L’échec national du projet de bons d’études du président Bush est survenu peu après la cuisante défaite de deux projets de bons d’études généreusement financés lors des élections de novembre 2000 : le projet Kids First! Yes! au Michigan et la Proposition 38 en Californie. Les auteurs de ces propositions restent toutefois convaincus que les bons d’études sont la voie de l’avenir.

Les bons d’études continueront d’être au cœur du programme d’éducation de la droite avec le très important appui financier de plusieurs philanthropes conservateurs. Citons le partisan de Kids First! Yes!, Dick DeVos, président d’Amway et commanditaire réputé d’initiatives conservatrices, et Tim Draper, investisseur en capital risque de la Silicon Valley, qui a financé la Proposition 38 au coût de 26 millions de dollars. D’autres ressources financières provenant de fondations conservatrices telles la Lynde and Harry Bradley Foundation, de Milwaukee, subventionnent la cause.

Éminent chercheur de l’Université Stanford et partisan de longue date des bons d’études, Terry Moe estime que le chemin vers les bons d’études ne doit plus passer par un référendum complexe état par état.

Moe, qui a reçu un appui financier considérable de groupes conservateurs, affirme que, « dans quelques dizaines d’années, les bons d’études feront partie intégrante de l’éducation américaine ». Dans son essai Schools, Vouchers, and the American Public, sous l’étiquette de la Brookings Institution, Moe soutient également que les bons d’études sont en train de gagner la faveur d’un public de plus en plus large.

L’étude de Moe se fonde sur 4700 entrevues téléphoniques effectuées en 1995 pour connaître l’opinion des Américains sur les écoles publiques, les écoles privées et les bons d’études. Moe a passé cinq ans à analyser les données recueillies, et il conclut que les bons d’études seront finalement adoptés dans le cadre de ce qu’il appelle la « politique normale », c’est-à-dire les activités législatives des états.

« En fin de compte, c’est vraisemblablement cette même Cour suprême qui a confirmé Bush à la présidence qui décidera du sort des bons d’études, » écrit Stan Karp dans Z Magazine (avril 2001).
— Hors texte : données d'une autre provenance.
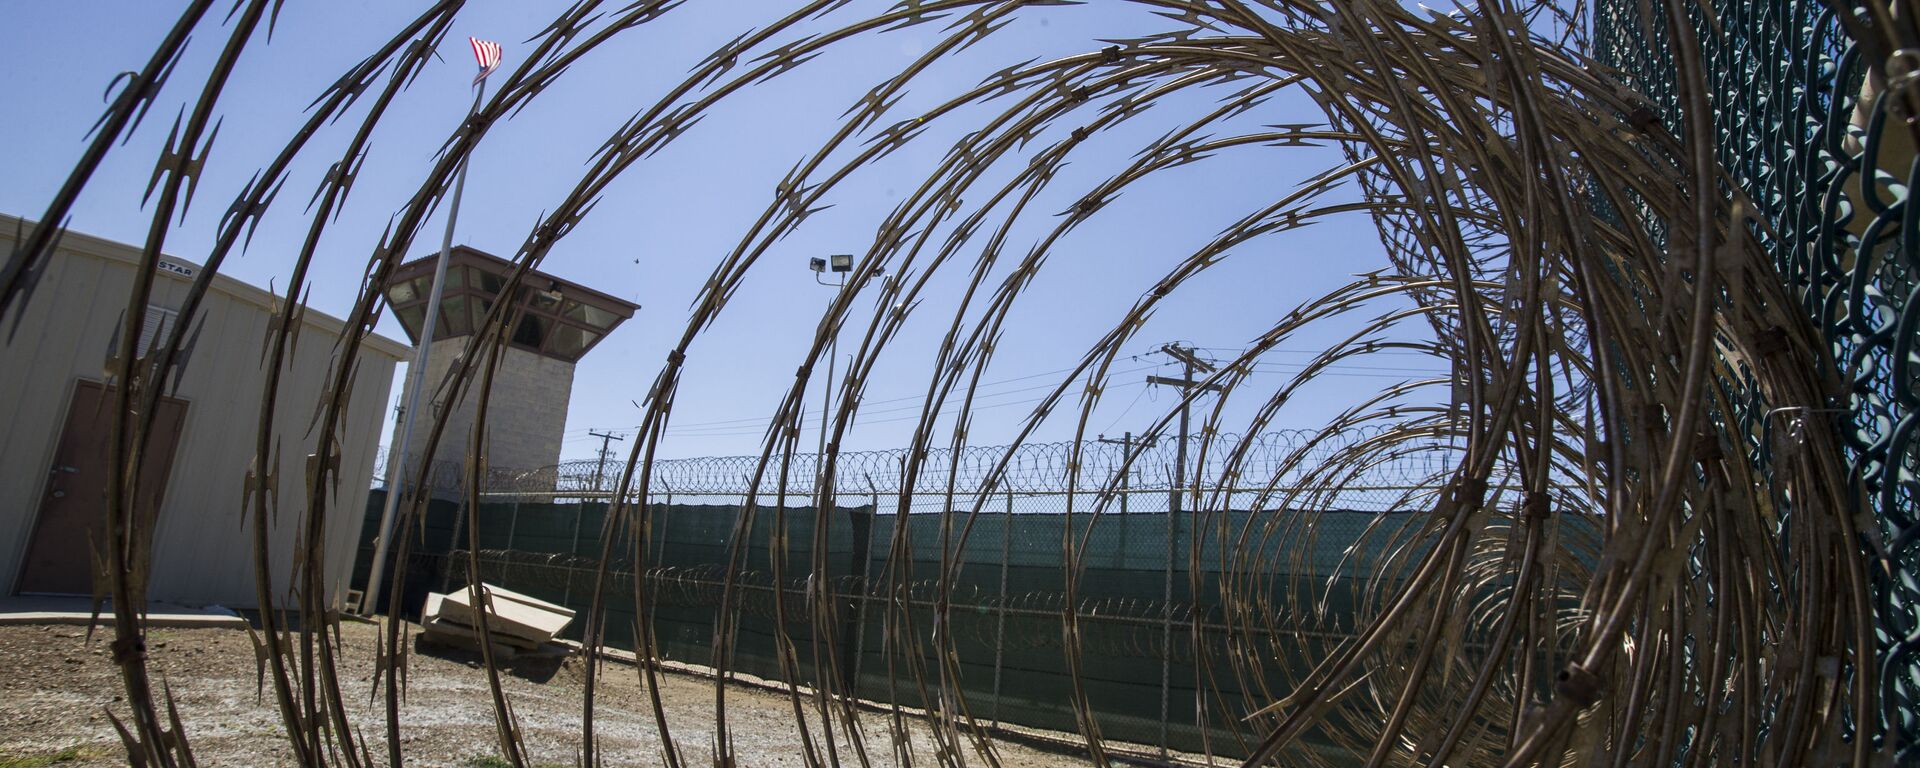 In this Wednesday, April 17, 2019 file photo reviewed by U.S. military officials, the control tower is seen through the razor wire inside the Camp VI detention facility in Guantanamo Bay Naval Base, Cuba. - Sputnik International, 1920
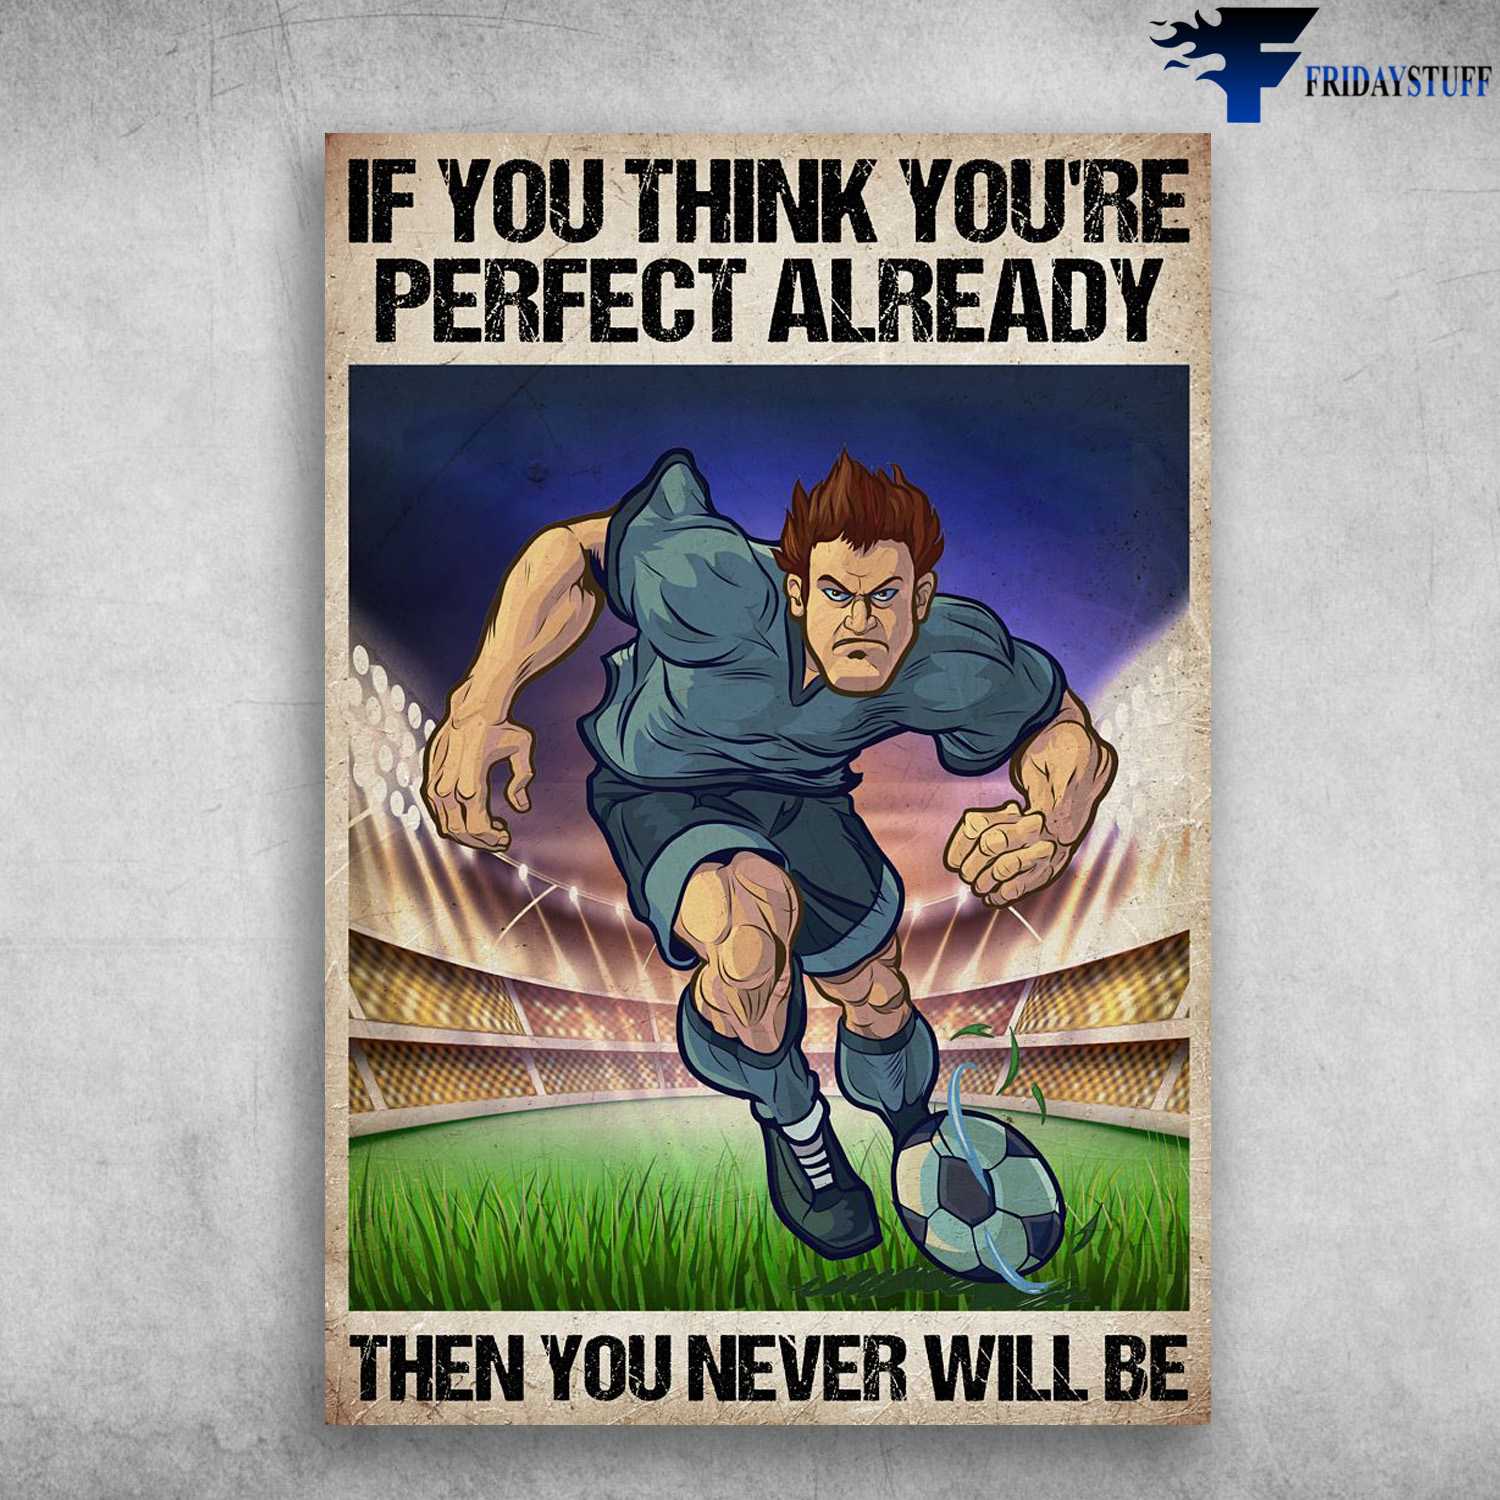 Soccer Player, Soccer Poster, If You Think You're Perfect Already, Then You Never Will Be

Selon Karp, éducateur et rédacteur adjoint de Rethinking Schools, « la Cour suprême devra par la suite déterminer jusqu’à quel point les états peuvent utiliser les bons d’études pour canaliser les fonds publics vers les écoles privées et confessionnelles, et cette décision renverra la balle aux législatures d’état, provoquant d’autres débats. »

La longue marche jusqu’à la privatisation

La lutte au sujet de l’éducation américaine va au-delà du traditionnel paradigme du gouvernement fédéral versus état-localité. À cet égard, Ann Bastion, consultante en éducation et haut inspecteur des programmes à la fondation libérale New World, affirme qu’en vérité le facteur de privatisation « est la pièce maîtresse de tout l’agenda de la droite, à savoir démonter les programmes et les responsabilités du gouvernement à l’égard des besoins sociaux ».

Les initiatives de bons d’études pourraient contribuer à soutenir la privatisation. Par ce biais, une industrie de l’éducation publique de plus de 650 milliards de dollars pourrait être ouverte à des entreprises privées alors que les entrepreneurs et les spécialistes politiques conservateurs n’y voient que du rêve.

Pour les conservateurs, les compromis présidentiels à l’égard de l’éducation sont une opportunité manquée. Cependant, d’autres éléments du plan de Bush pourront ouvrir le chemin aux bons d’études et servir de cheval de bataille à la privatisation.

À mesure que les résultats des évaluations sont rassemblés et analysés, de plus en plus d’écoles publiques sous-financées peuvent être classées « défaillantes ». Il deviendra de plus en plus clair qu’engager un professeur ou s’inscrire dans une meilleure école ne sera pas l’alternative réelle pour la plupart des enfants mal instruits. Cela pourrait déclencher un nouvel élan pour les bons d’études, bref un pas extraordinaire vers la privatisation.

À l’heure de la déréglementation, le rôle du gouvernement fédéral serait considérablement réduit si le secteur privé prenait en charge une grande partie de l’éducation publique.